Mark J McDonald · ‎06-07-2007

Hi All

We have a D380, which we look after hardware wise, but are not sure about the application running on it. (Alcatel/Lucent app with informix DB)

Recently we get a disk error, where the disk was showing as NO_HW in an ioscan. The disk is the only disk in vg02, which looks like a temporary dump area for the application.

We replaced the disk, and all looked ok for about a day, when the same error occured. We have sinse replaced the machine for another D class, again this has ran for about a day, before giving the same error.

Is it possible that the application is writing far more than the SCSI bus / disk can cope with? Are there some kernel parameters I can look at?
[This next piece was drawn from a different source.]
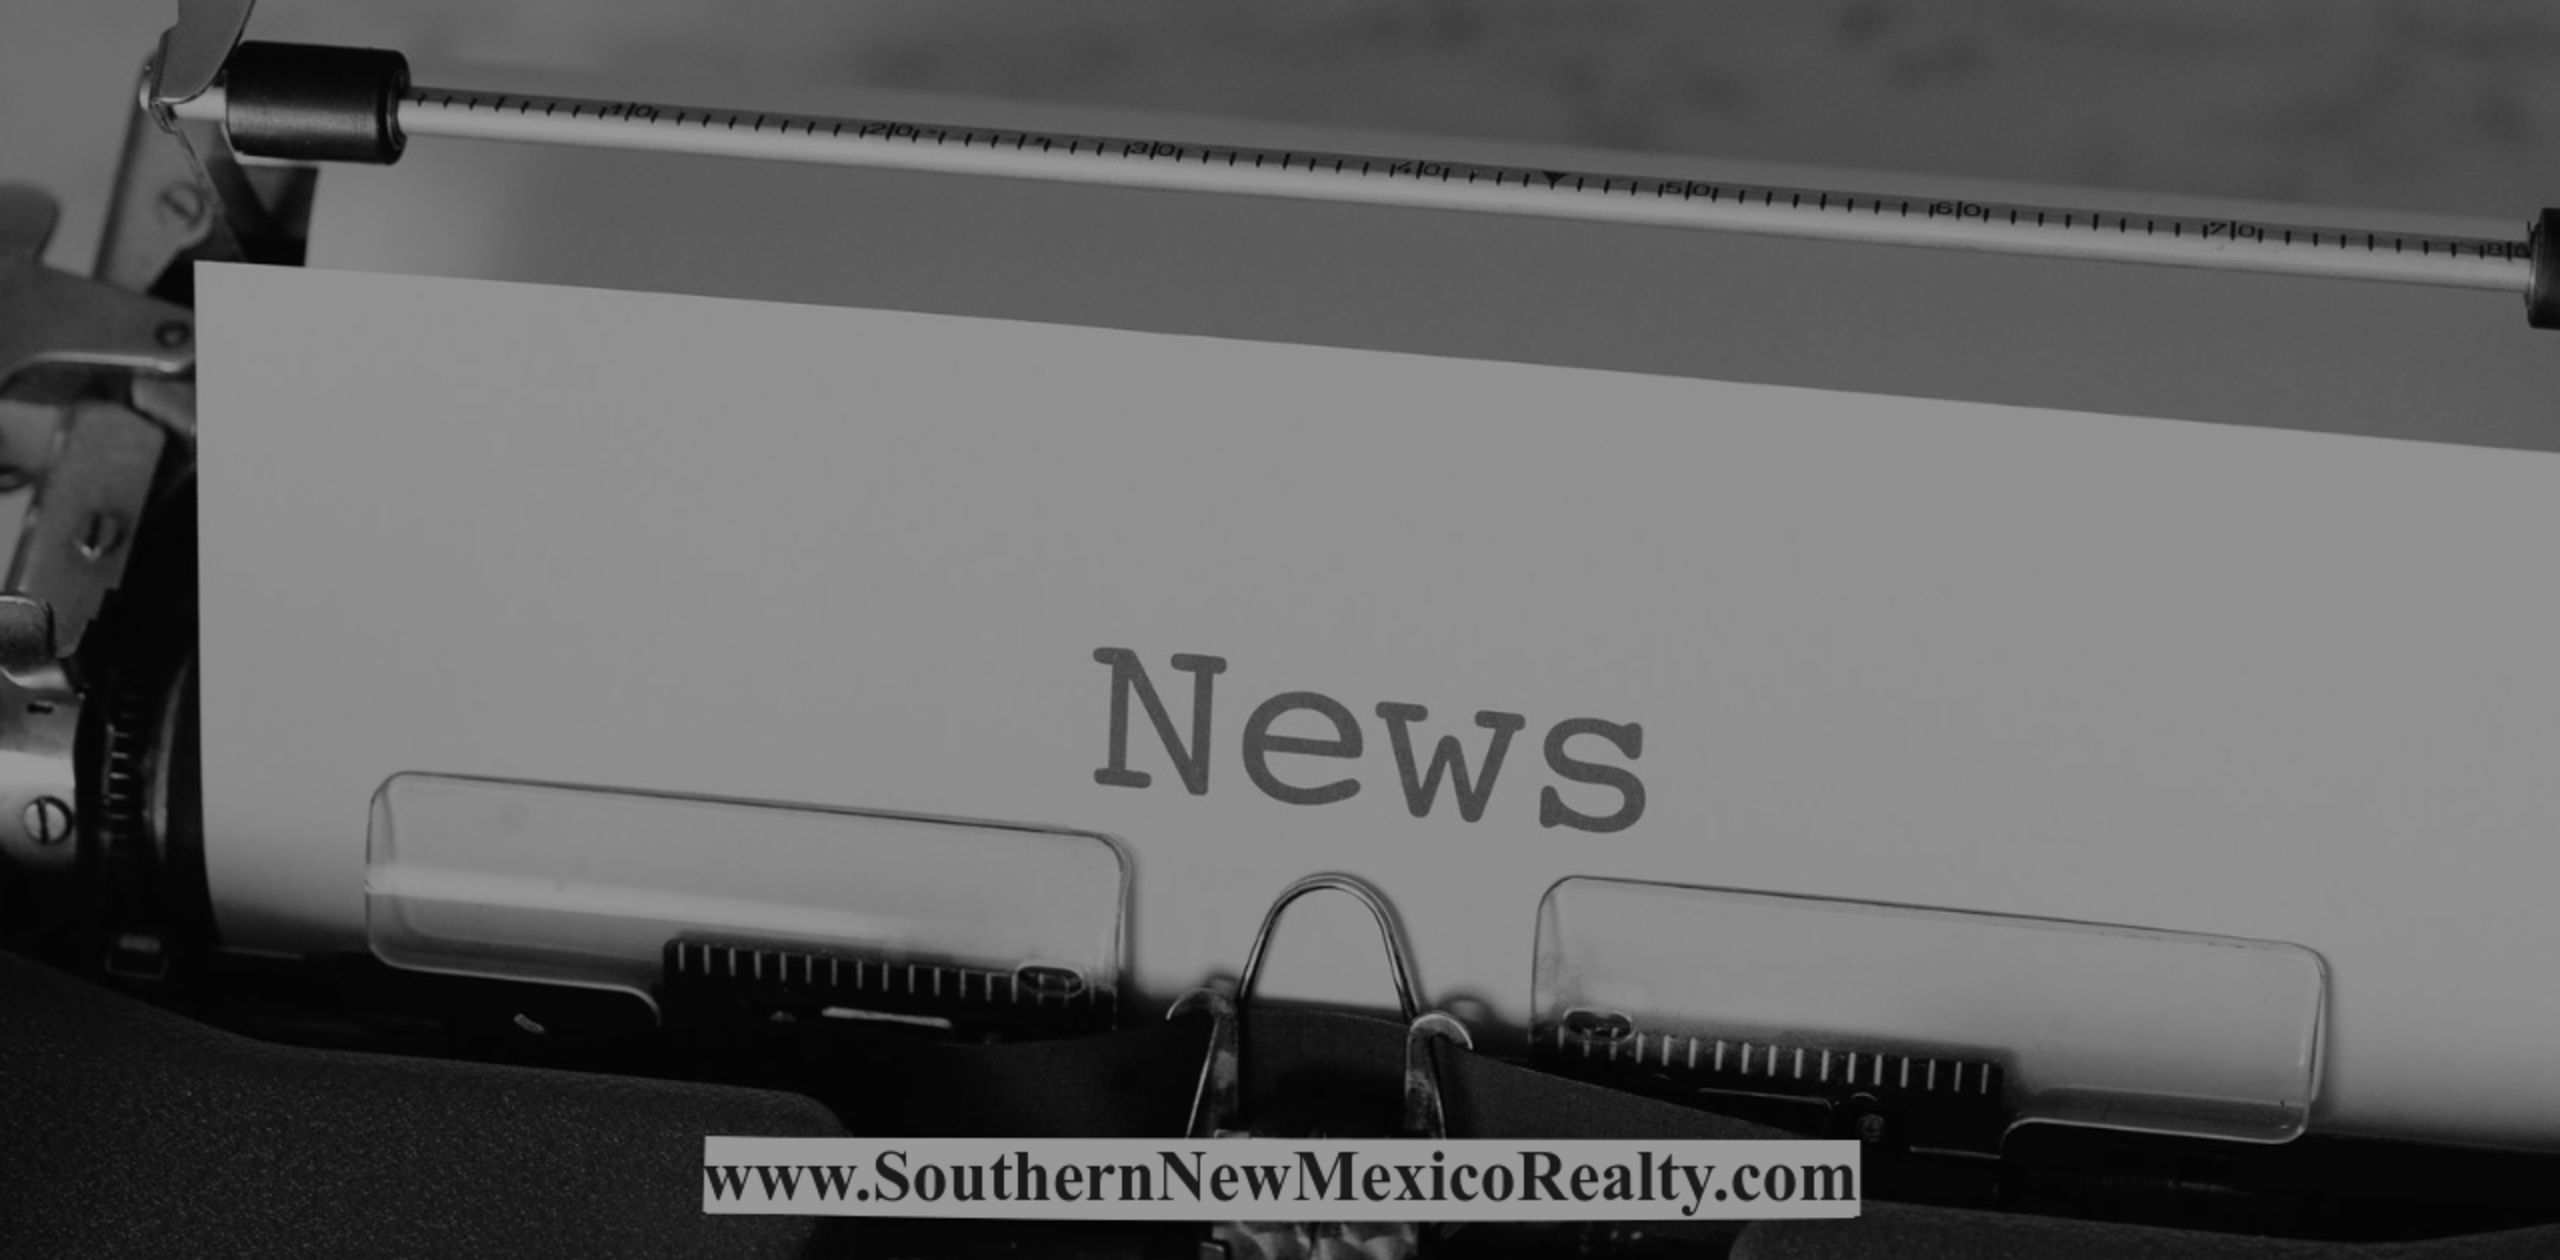 Real Estate News in the Ruidoso, NM Area

A sar on the disk is showing very high %wio (99%)

Any ideas appreciated

Thanks

Mark

Duncan Edmonstone · ‎06-07-2007

Mark,

Can you post the actual errors you are getting?

HTH

Duncan

I am an HPE Employee

Mark J McDonald · ‎06-07-2007

Duncan

After about 18 hours of up time the syslog shows:
Jun 6 18:12:28 lucluc20 vmunix: SCSI: Request Timeout -- lbolt: 6229688, dev: 1f009000
Jun 6 18:12:28 lucluc20 vmunix: lbp->state: 20
Jun 6 18:12:28 lucluc20 vmunix: lbp->offset: ffffffff
Jun 6 18:12:28 lucluc20 vmunix: lbp->uPhysScript: 480000
Jun 6 18:12:28 lucluc20 vmunix: From most recent interrupt:
Jun 6 18:12:28 lucluc20 vmunix: ISTAT: 22, SIST0: 00, SIST1: 04, DSTAT: 00, DSPS: 00480580
Jun 6 18:12:28 lucluc20 vmunix: lsp: 000000004281c600
Jun 6 18:12:28 lucluc20 vmunix: bp->b_dev: 1f009000
Jun 6 18:12:28 lucluc20 vmunix: scb->io_id: 7e895
Jun 6 18:12:28 lucluc20 vmunix: scb->cdb: 2a 00 00 1f 48 40 00 00 10 00
Jun 6 18:12:28 lucluc20 vmunix: lbolt_at_timeout: 6226560, lbolt_at_start: 6226560
Jun 6 18:12:28 lucluc20 vmunix: lsp->state: 10d
Jun 6 18:12:28 lucluc20 vmunix: lbp->owner: 000000004281c600
Jun 6 18:12:28 lucluc20 vmunix: scratch_lsp: 0000000000000000
Jun 6 18:12:28 lucluc20 vmunix: Pre-DSP script dump [0000000041001020]:
Jun 6 18:12:28 lucluc20 vmunix: fbf44810 004807c8 41090000 00480290
Jun 6 18:12:28 lucluc20 vmunix: 78347200 0000000a 78350800 00000000
Jun 6 18:12:28 lucluc20 vmunix: Script dump [0000000041001040]:
Jun 6 18:12:28 lucluc20 vmunix: 0e000004 00480580 80000000 00000000
Jun 6 18:12:28 lucluc20 vmunix: 870b0000 004802d8 0a000000 00480588
Jun 6 18:12:28 lucluc20 vmunix: SCSI: Abort abandoned -- lbolt: 6229688, dev: 1f009000, io_id: 7e895, status: 200
Jun 6 18:12:28 lucluc20 vmunix:
Jun 6 18:12:28 lucluc20 vmunix: SCSI: Read error -- dev: b 31 0x009000, errno: 126, resid: 2048,
Jun 6 18:12:28 lucluc20 vmunix: blkno: 8, sectno: 16, offset: 8192, bcount: 2048.
Jun 6 18:12:28 lucluc20 vmunix: LVM: vg[2]: pvnum=0 (dev_t=0x1f009000) is POWERFAILED

AND

We are contunually getting scsi read errors like these:
Jun 7 15:08:37 lucluc20 vmunix:
Jun 7 15:08:37 lucluc20 vmunix: SCSI: Read error -- dev: b 31 0x009000, errno: 126, resid: 2048,
Jun 7 15:15:51 lucluc20 vmunix:
Jun 7 15:16:01 lucluc20 above message repeats 42 times
Jun 7 15:15:51 lucluc20 vmunix: SCSI: Read error -- dev: b 31 0x009000, errno: 126, resid: 2048,
Jun 7 15:16:01 lucluc20 above message repeats 42 times
Jun 7 15:15:51 lucluc20 vmunix: blkno: 8, sectno: 16, offset: 8192, bcount: 2048.
Jun 7 15:16:01 lucluc20 above message repeats 115 times
Jun 7 15:16:01 lucluc20 vmunix:
Jun 7 15:16:01 lucluc20 vmunix: SCSI: Read error -- dev: b 31 0x009000, errno: 126, resid: 2048,
Jun 7 15:16:01 lucluc20 vmunix: blkno: 8, sectno: 16, offset: 8192, bcount: 2048.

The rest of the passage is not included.